I've got to say that, even though we were treated to that sort of reality bending in the course of the hellfire rages of my dad, my father was different from Trump and his administration: It might take a few hours or even overnight, but after an episode, he presented as remorseful and hoping it would never happen again. I don't remember being told, by the more rational, morning-after father, that I had something to do with what happened. The more I think about it, yes, there was some of that mixed in with the relative gentleness and rational-sounding speech tone and volume. Many people consider this conciliatory phase part and parcel of the abuse, but I don't see it that way. For one thing, I've heard tales of completely remorseless abusive parents and spouses. For another, I honestly think he wished that didn't happen, that deep down, he knew it was something in him and not us that caused him to become insanely furious and at times even physically violent. The older I got, the more I'd use those conciliatory moments to make it clear that I no longer believed I had caused the storm by, say, having a different political view during a dinner conversation or deciding I wanted to go away to college; I'd say to him, often with tears in my eyes, that he needed to get help.

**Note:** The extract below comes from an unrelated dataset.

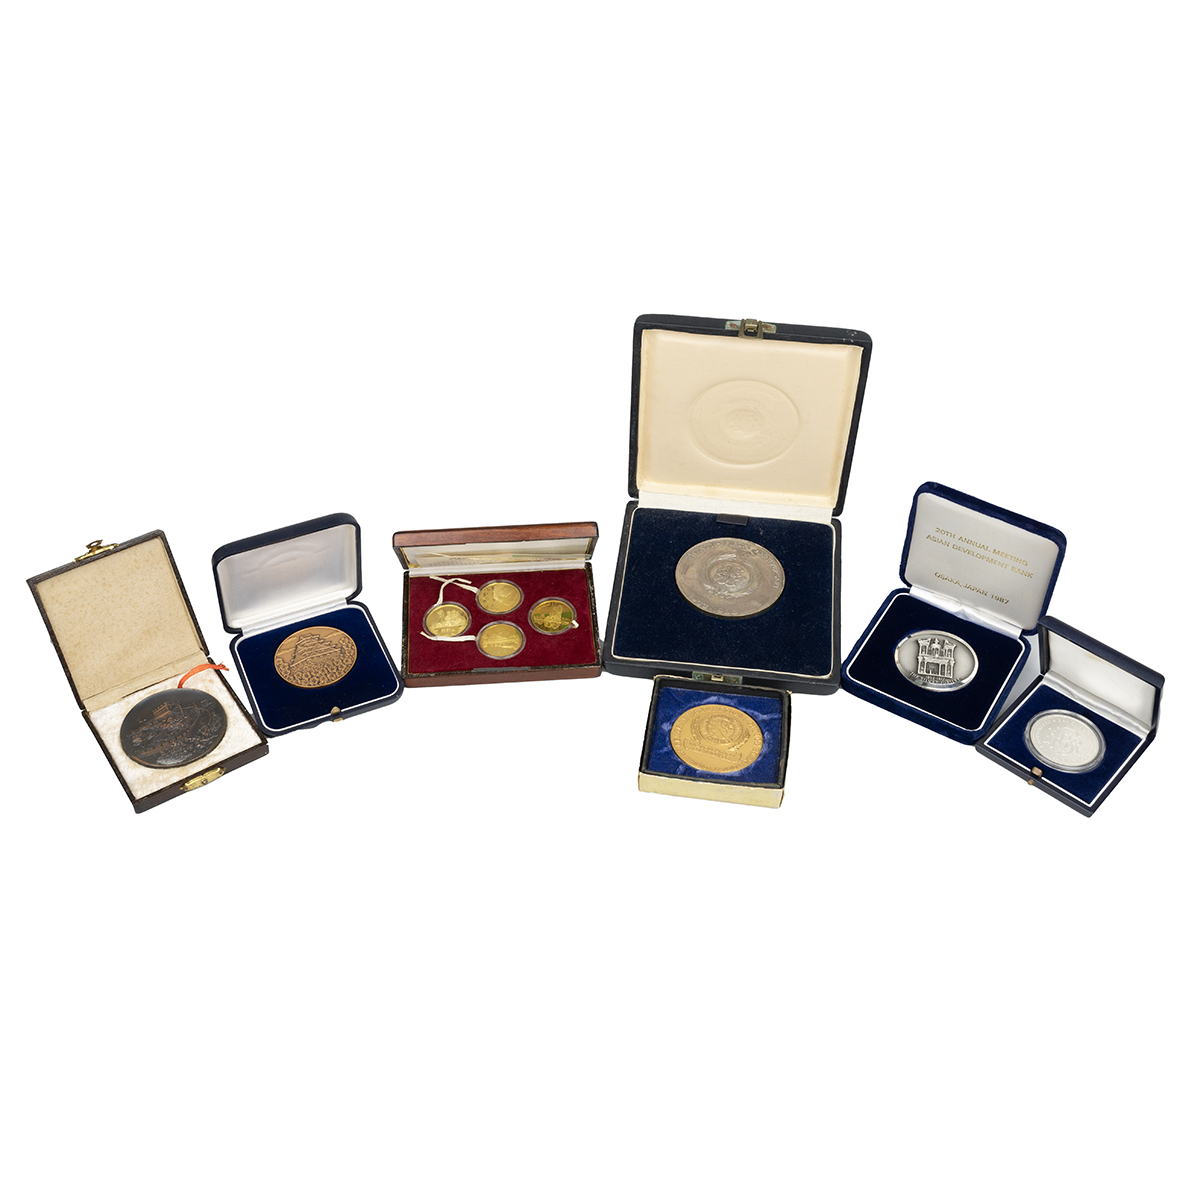 Seven (7) commemorative mint and souvenir medals in copper, bronze and silver, all boxed. Include...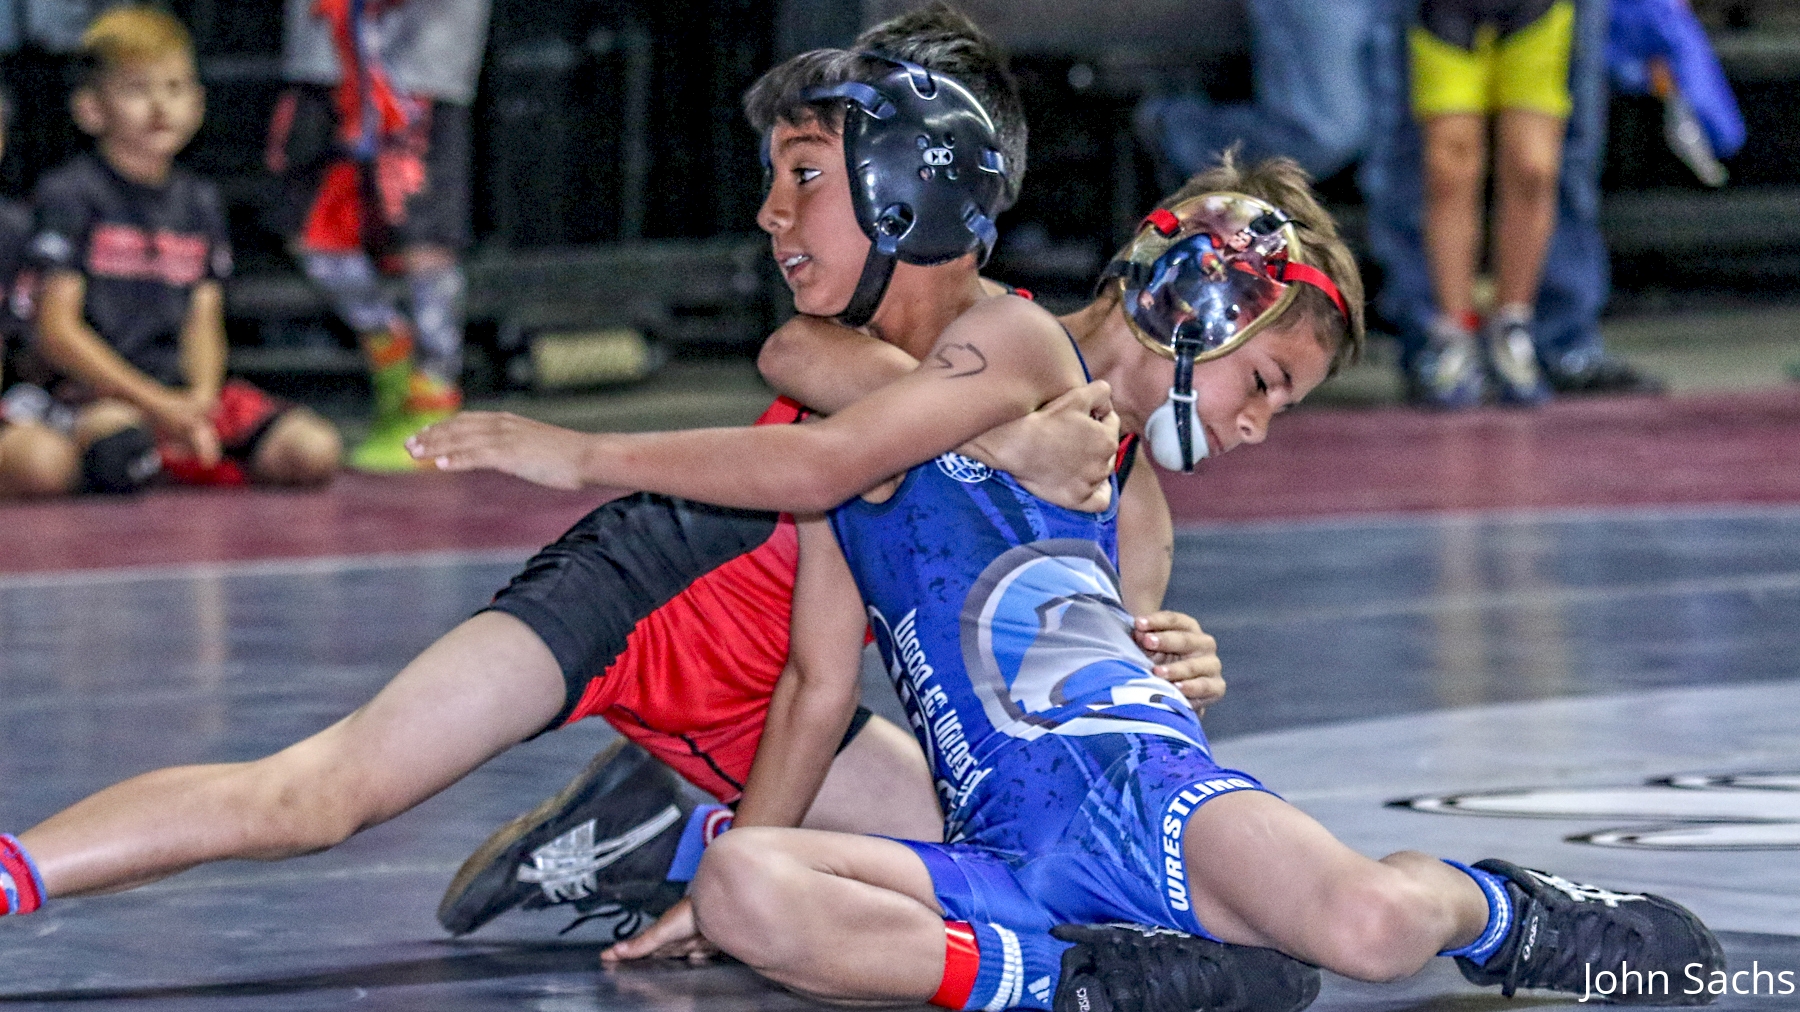 WOW Presents Flo National Youth Duals Wrestling Event FloWrestling

My father loved me, and though I didn't always sense that from him because of the demons he struggled with, I knew that to be true, at least as an abstract principle.

This national abuse is much different. Though they are Americans like you and me, they do not seem to bear much love for those of us who have different views. In simple terms, they think it is okay to lock up brown children to enrich the contractors who run these concentration camps and show a few ignorant racists that they mean business about "illegals," and they hate us for thinking it's abhorrent and inhumane, for thinking—reasonably, I believe—that between the two terms of their either-it's-children-in cages-or-it's-open borders fallacy are an infinite number of solutions if there were two sides willing to work together to find it. To be unwilling to listen or hear the other side is a very thoroughgoing abusive disposition. And there is seemingly no escape from it. I feel impulses to violence when I feel helpless to reason with this governing group. Too often, because I don't want to act violently, I turn it inward. There, to keep from self-harm, I try to intercept it somehow. I write about it, as I'm doing now. I wish I could say that that is good in itself, but there are children and parents wondering whether they will ever see each other again sleeping on thin mats on concrete floors. There are people trying to rebuild their lives in Puerto Rico, after thousands of unnecessary post-Maria deaths. More must be done, and I should rest and be ready to help.